Ma questa è solamente una parte del problema, poiché noi in Europa, con i
diversi episcopati europei, anche con l’episcopato italiano così
“splendidamente” rappresentato, noi parliamo molte volte, anche a Roma
naturalmente, della necessità di una nuova evangelizzazione del nostro
continente, dei diversi Paesi del nostro continente, dove la Chiesa è già
radicata da secoli.
Chiesa radicata, dove ci sono le istituzioni, la cultura, le culture delle
nostre patrie, delle nazioni europee, già impregnate dei comuni elementi
cristiani, ma il problema di una nuova evangelizzazione esiste. E questo
problema della nuova evangelizzazione dell’Europa per i diversi Paesi e nazioni
europei pone, allo stesso tempo, il problema della nuova inculturazione. Se si
vogliono tirare fino alla fine le conseguenze di tutto quello che ho detto circa
la richiesta dei miei giovani amici – due, una signorina ed un giovane signore
che hanno preceduto il mio discorso –, noi cristiani in Europa, in Italia, siamo
e dobbiamo essere impegnati in una nuova inculturazione. Non possiamo soltanto
ripetere: ma noi abbiamo questa grande cultura cristiana, la si vede
dappertutto. Si, si vede, ma il problema è questo: per che cosa si vede la
cultura o i monumenti della cultura? Per l’evangelizzazione non bastano i
monumenti di una evangelizzazione già compiuta in passato. Per la nuova
evangelizzazione ci vuole una nuova inculturazione, non monumenti del passato,
ma cultura contemporanea, cultura dei nostri contemporanei, cultura delle nostre
odierne istituzioni, cultura della nostra scienza contemporanea che è molto
diversa da quella scienza medioevale, anche se essa aveva già in sé le
prospettive dell’oggi, basta pensare ad esempio a Copernico e a tanti altri.

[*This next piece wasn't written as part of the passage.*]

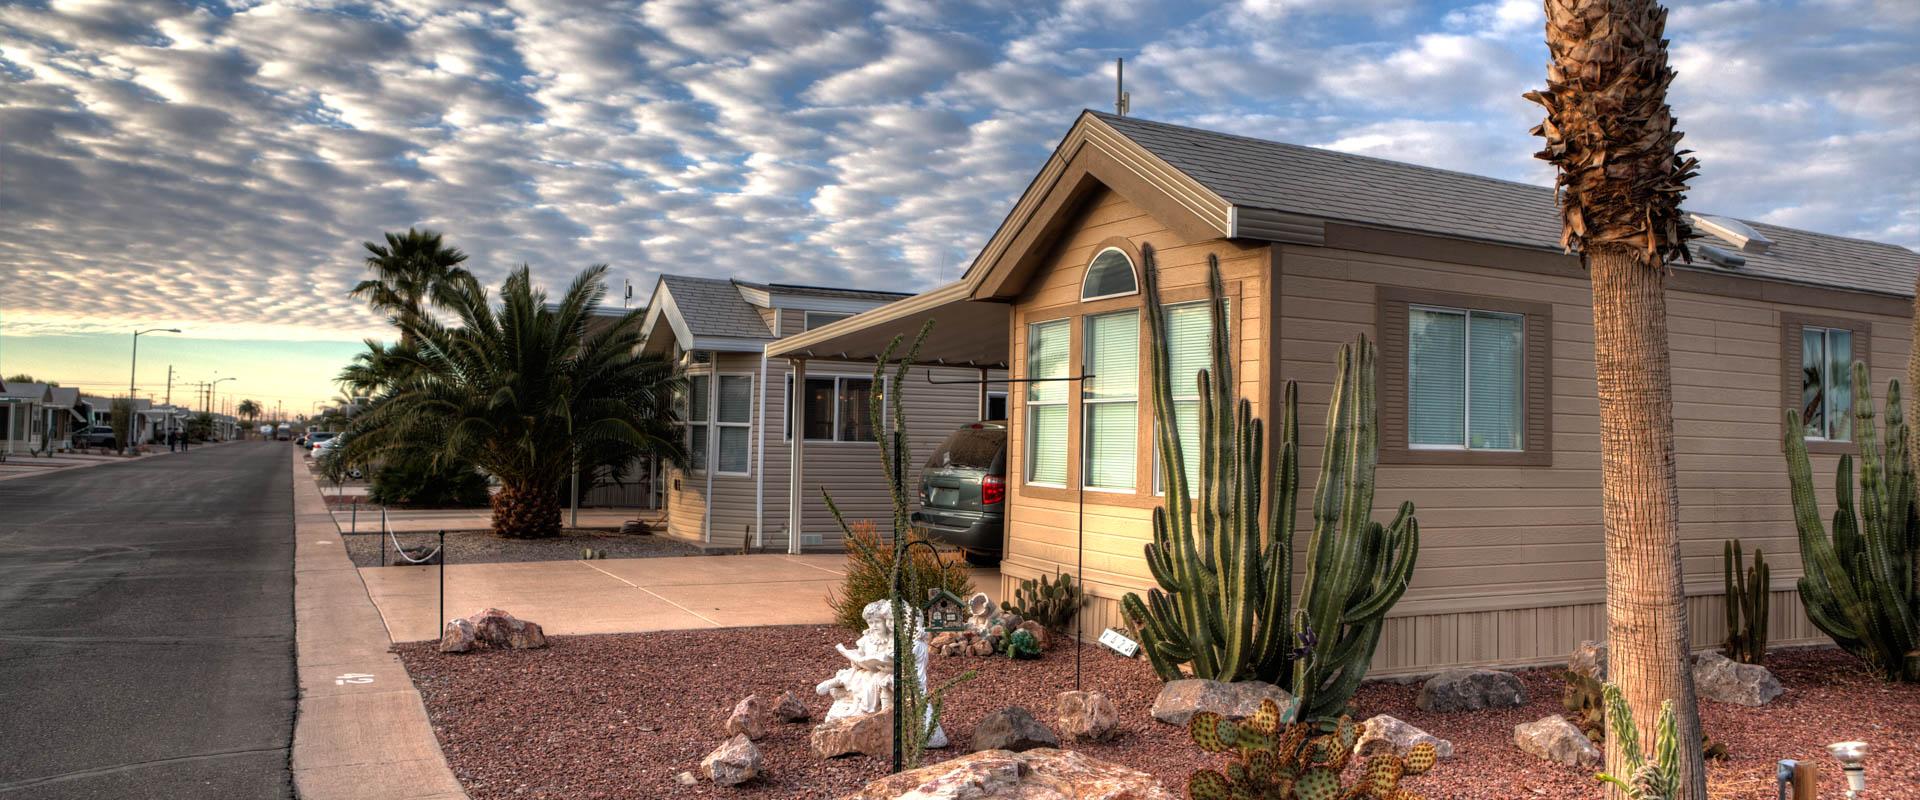 Arizona Park Model Homes for Sale Casa Grande
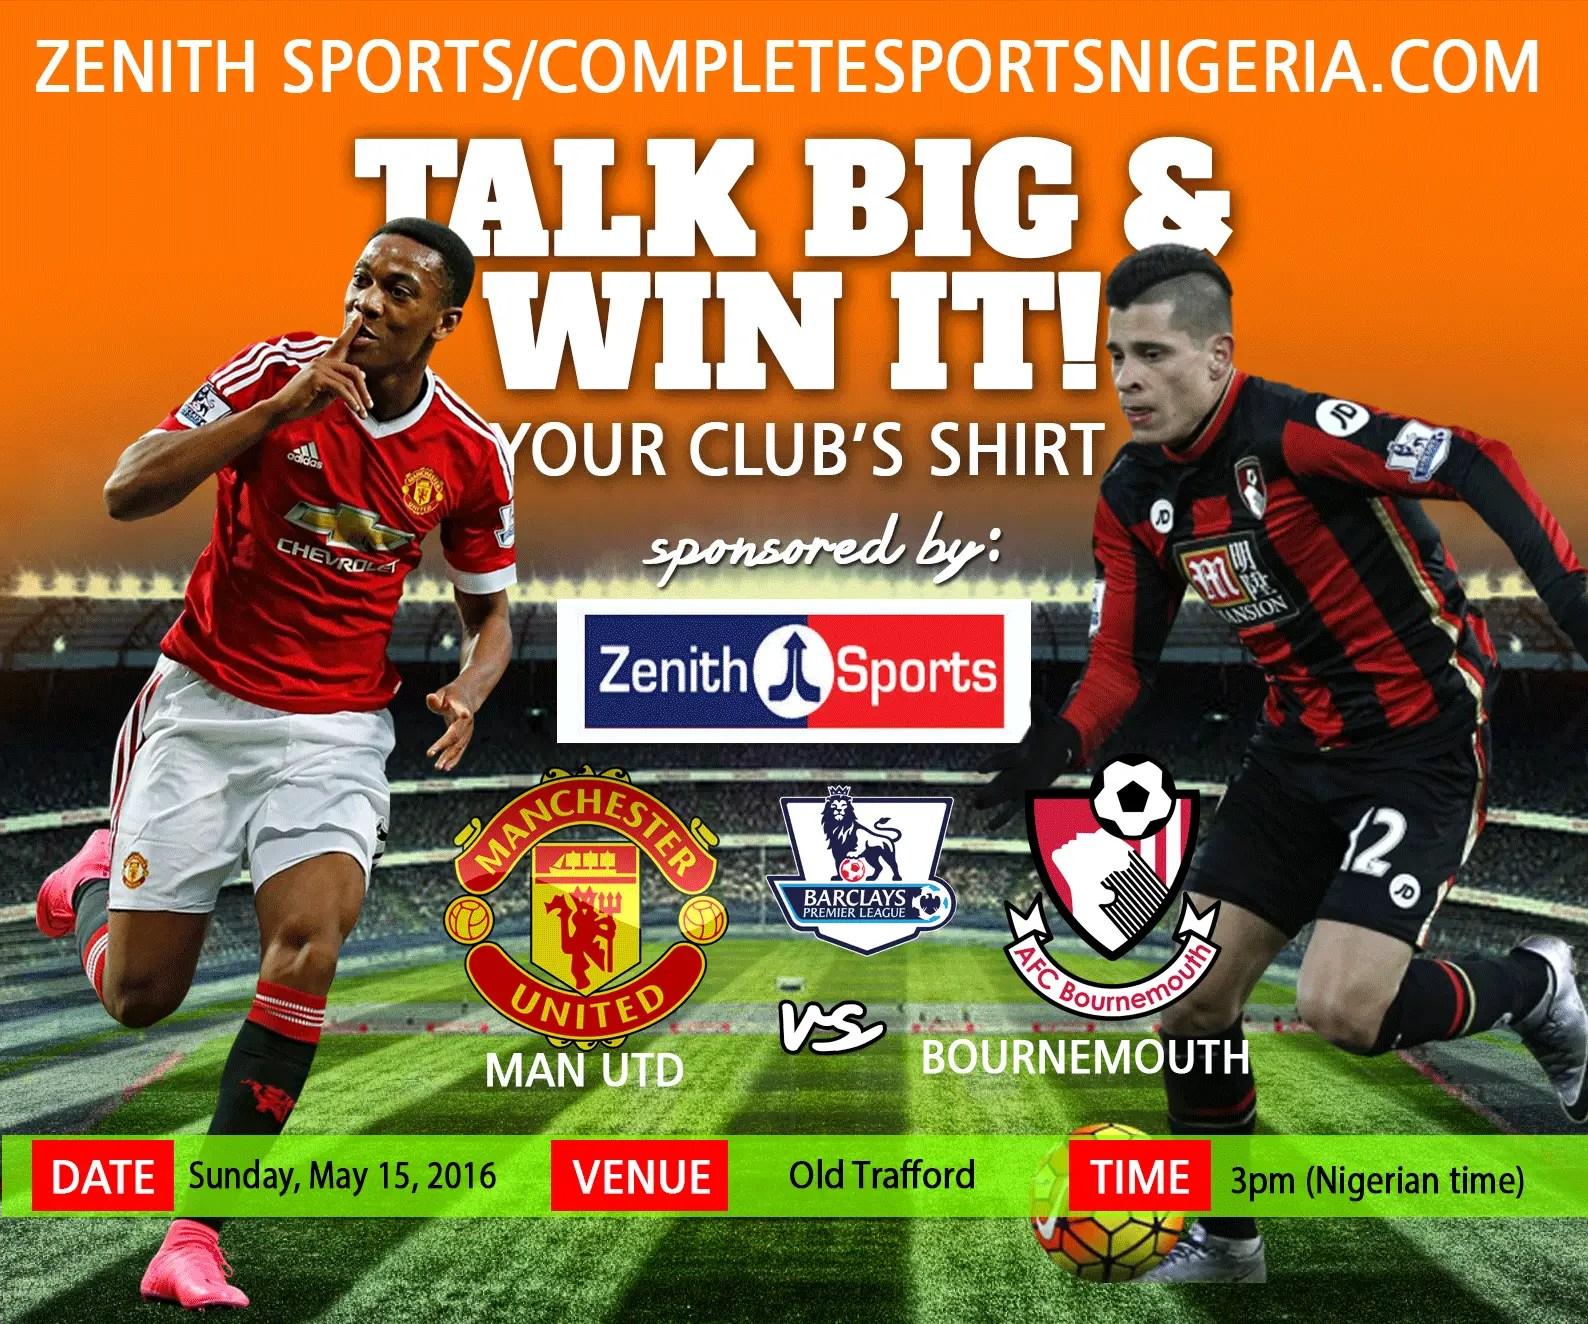 The Winners: Manchester United Vs Bournemouth, Talk Big & Win It!

Allora: come di questa cultura, di questa cultura europea – che attraverso i
progressi intellettuali, culturali, scientifici si è staccata, anzi
programmaticamente staccata dal cristianesimo, dalla fede, come con questa
cultura, fare una nuova inculturazione per realizzare una vera nuova
evangelizzazione? Ecco il problema degno di questa città, di questo ambiente.
Circa questo problema pensano i pastori, i Vescovi, i teologi, i sacerdoti, ma
oggi viviamo una Chiesa, la stessa ed al contempo altra, che dà di sé una nuova
autodefinizione: la Chiesa del Popolo di Dio, la Chiesa in cui, come nei tempi
apostolici, si parla dell’apostolato comune di ogni cristiano. Allora siamo
tutti responsabili di questa nuova evangelizzazione, non soltanto gli
ecclesiastici – ed occorre dire che nella nostra epoca il loro numero è
insufficiente ed il problema delle vocazioni si pone anche negli ambienti
universitari -: tutti siamo impegnati o almeno chiamati ad essere impegnati nel
processo della nuova evangelizzazione che vuole dire nuova inculturazione, che
certo sarà diversa da quella medioevale, per esempio in quanto gli elementi sono
diversi e forse sarà più difficile. Ma quanto più difficile, tanto maggiore sarà
la sfida.
Allora vorrei lasciare voi giovani con questa sfida di una nuova
evangelizzazione, di una nuova inculturazione. Mi avete domandato: cosa dobbiamo
fare? Io vi ho detto alcuni elementi soprattutto se si tratta del piano globale
di ciò che si deve fare, che dovete fare voi, i cristiani dell’incipiente terzo
millennio. Voi dovete realizzare questa nuova evangelizzazione che vuole dire
nuova inculturazione dell’Europa.
Allora se vi chiederanno che cosa ha detto il Papa, dovete rispondere: il
Papa ha letto un discorso e dopo ha fatto un altro discorso sul suo discorso.